Die Topographie der 1.250 Kilometer langen, schmalen Insel wird grossteils von fruchtbaren Ebenen bestimmt, in denen Zuckerrohr, Kaffee und Tabak angepflanzt werden; rund ein Viertel der Fläche ist von Bergketten bedeckt, die mit dem Pico Turquino (1.974 Meter) in der Sierra Maestra im äussersten Südosten die höchste Erhebung aufweisen.

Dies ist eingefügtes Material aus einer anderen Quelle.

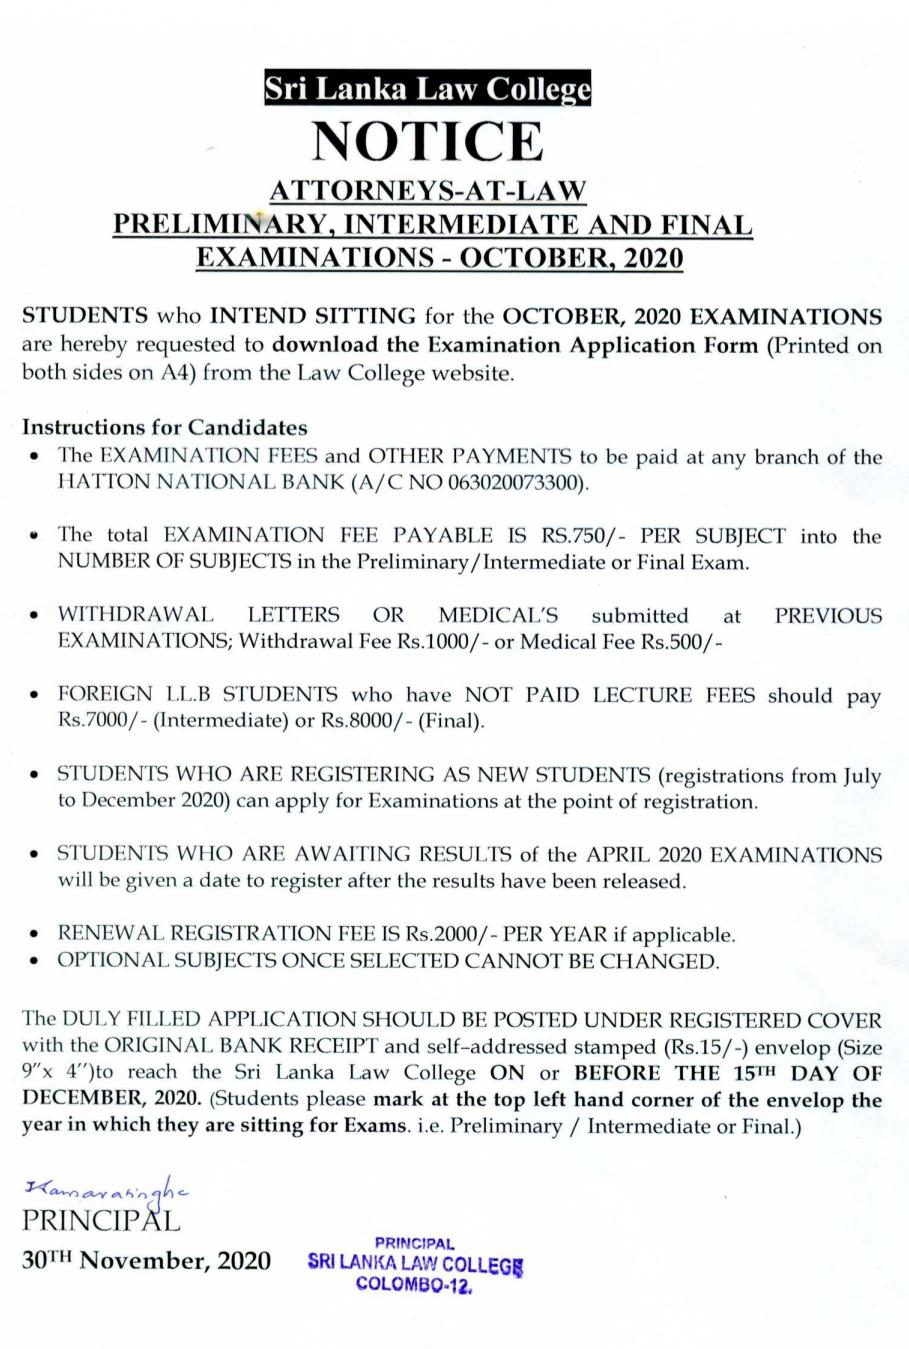 Sri Lanka Law College Exam Notice
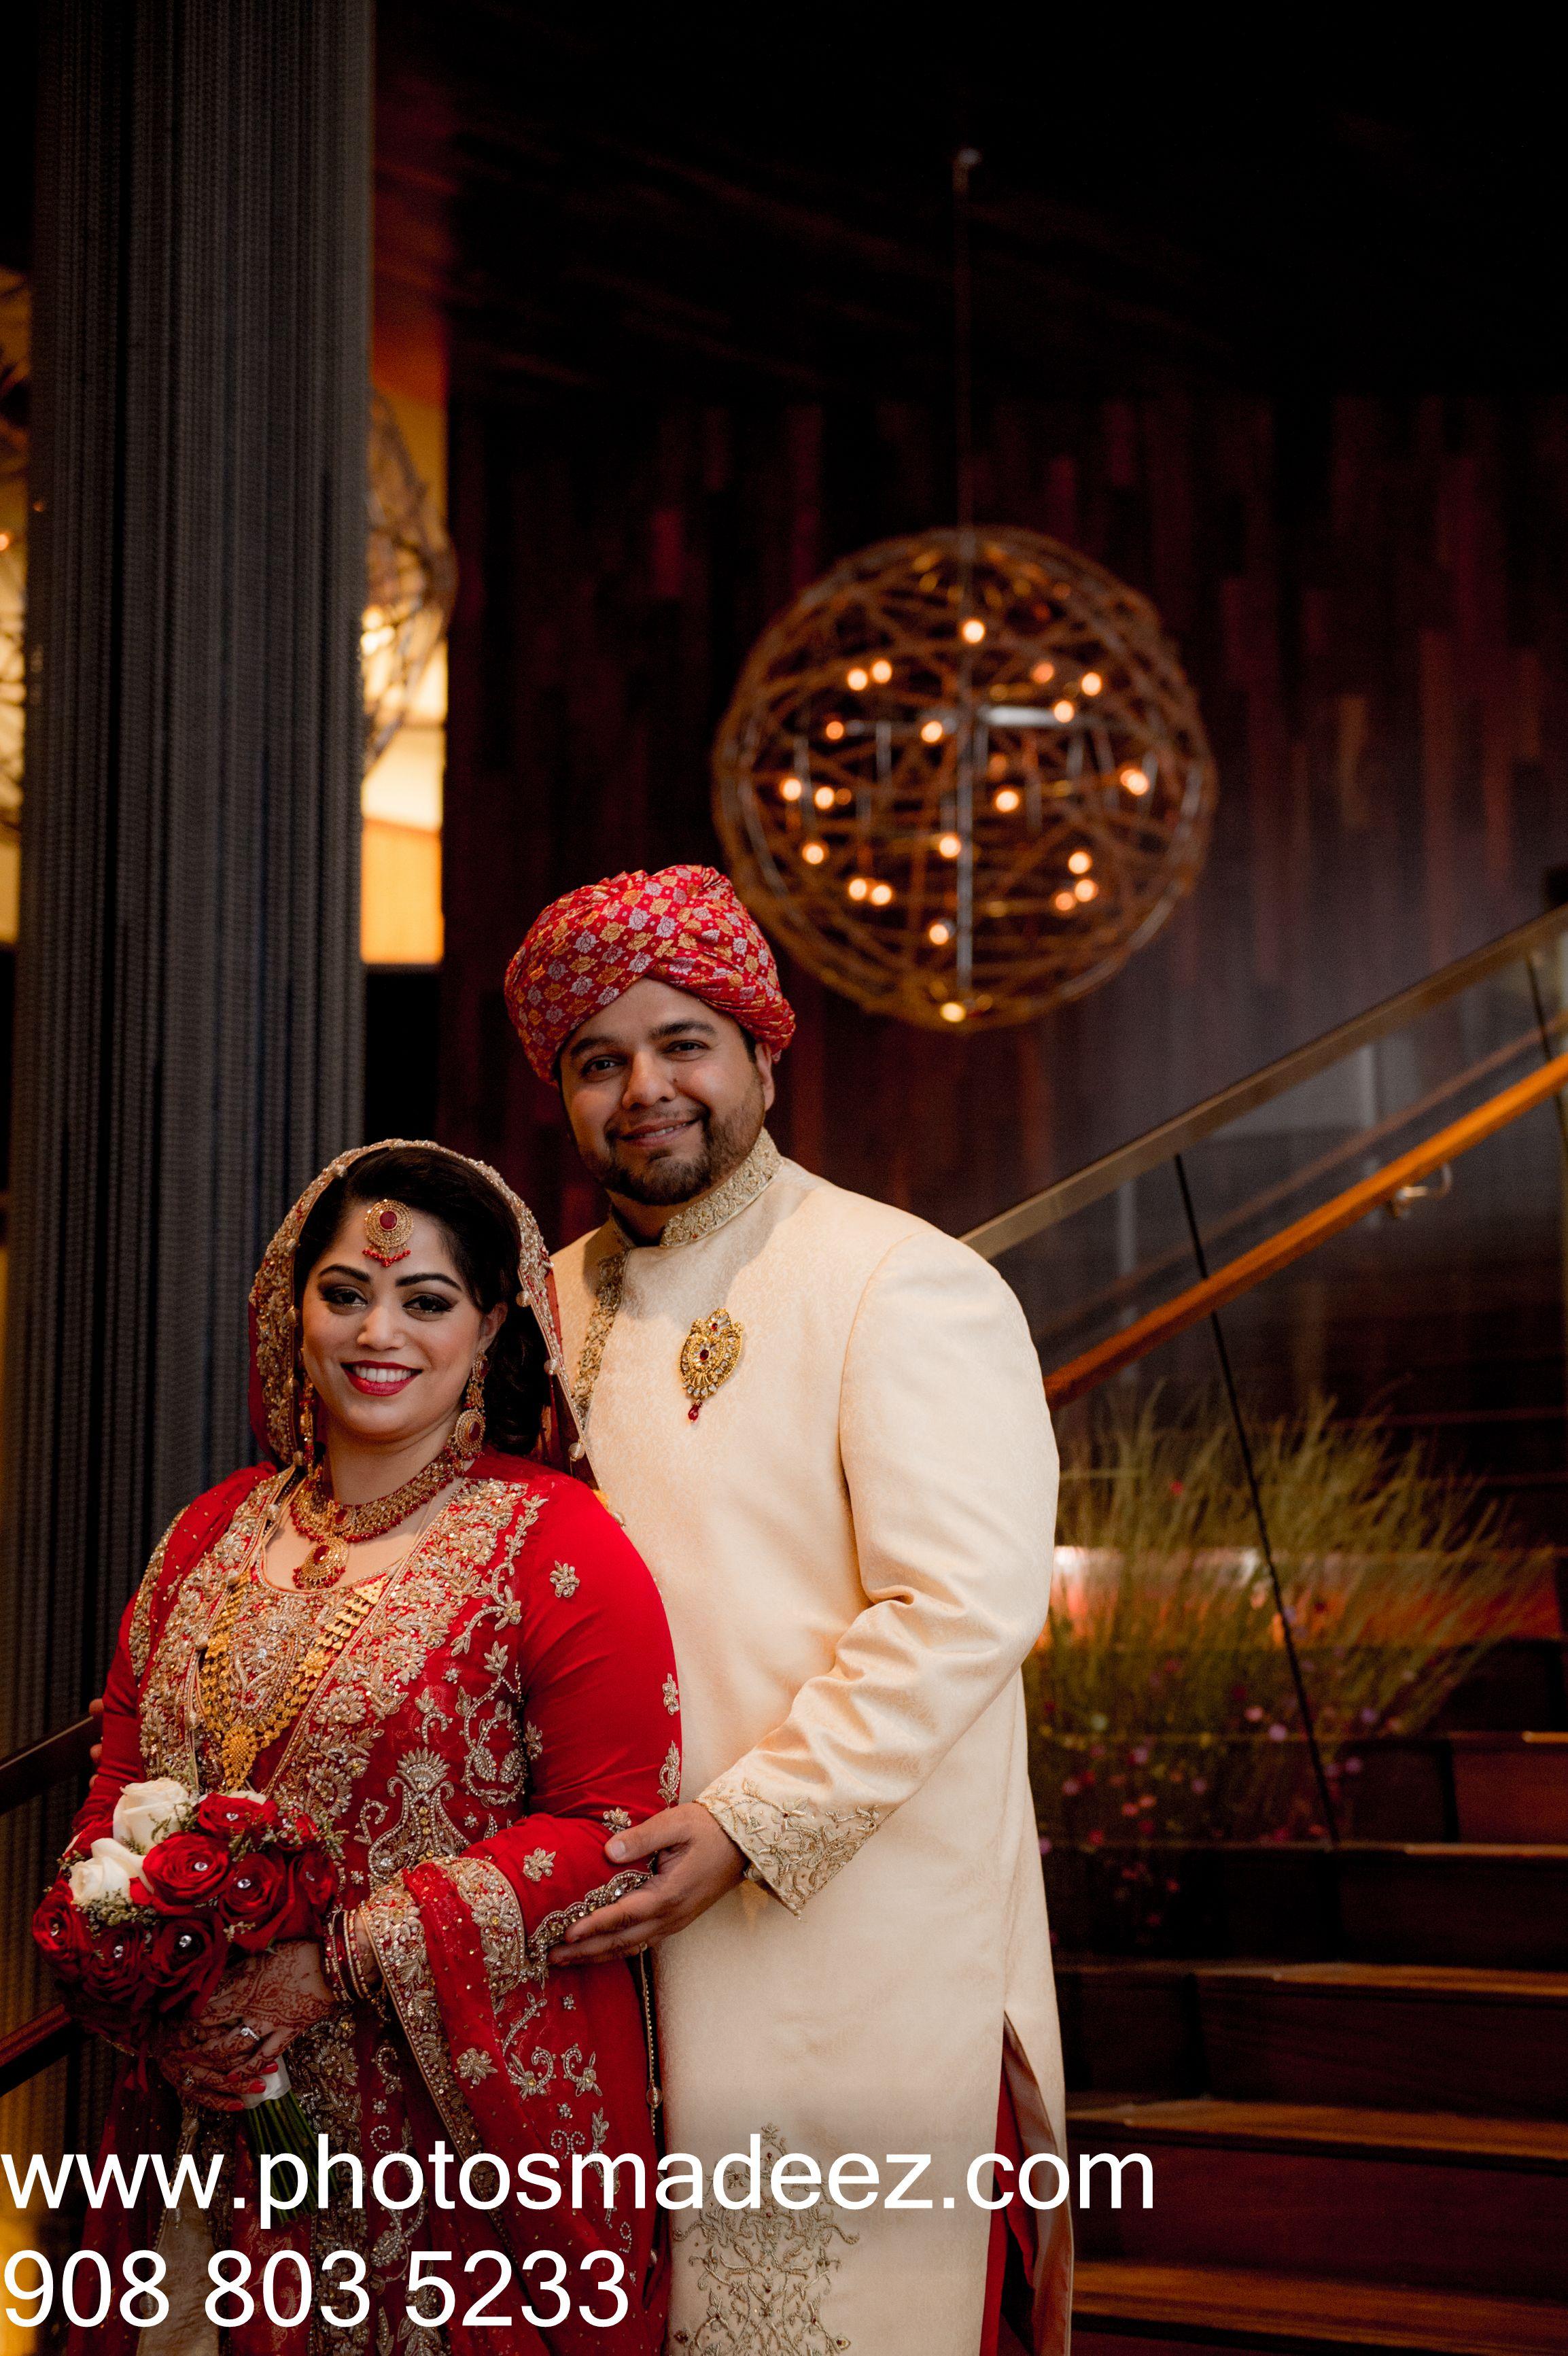 Indian Wedding Pakistani Along With Bridal Arts And Events At New Brunswick Hyatt NJ Muslim Best Photographer

Gesäumt wird die Insel von dramatischen Steilküsten und kilometerlangen flachen Stränden, die stellenweise von dichten Mangrovenwäldern bewachsen sind.

 

Beitrag an die Umwelt – Jardines de la Reina


Die marine Ökosysteme, Strände, Mangrovenwälder, Seegraswiesen und Korallenriffe sind in Kuba, im Vergleich zu den Nachbarinseln, gut erhalten. Aber das rasche Heranwachsen von "Sonne & Sand" Tourismus, den Erdgas- und Erdölbohrungen, der kommerziellen und illegalen Fischerei, sowie die Auswirkungen der globalen Klimaveränderung, stellen der Natur eine drohende Gefahr.
Zusammen mit unserem Partner in Kuba sind wir bemüht, die einzigartige, fast unberührten Ökosysteme zu erhalten. Und so leisten wir gerne 1 % unseres Ertrags an seriöse Umweltorganisationen (wie THE PLANET, WWF und E.D), die den Naturschutz an Kuba's Küstengebieten (besonders das Archipelago Jardin de la Reina) unterstützen.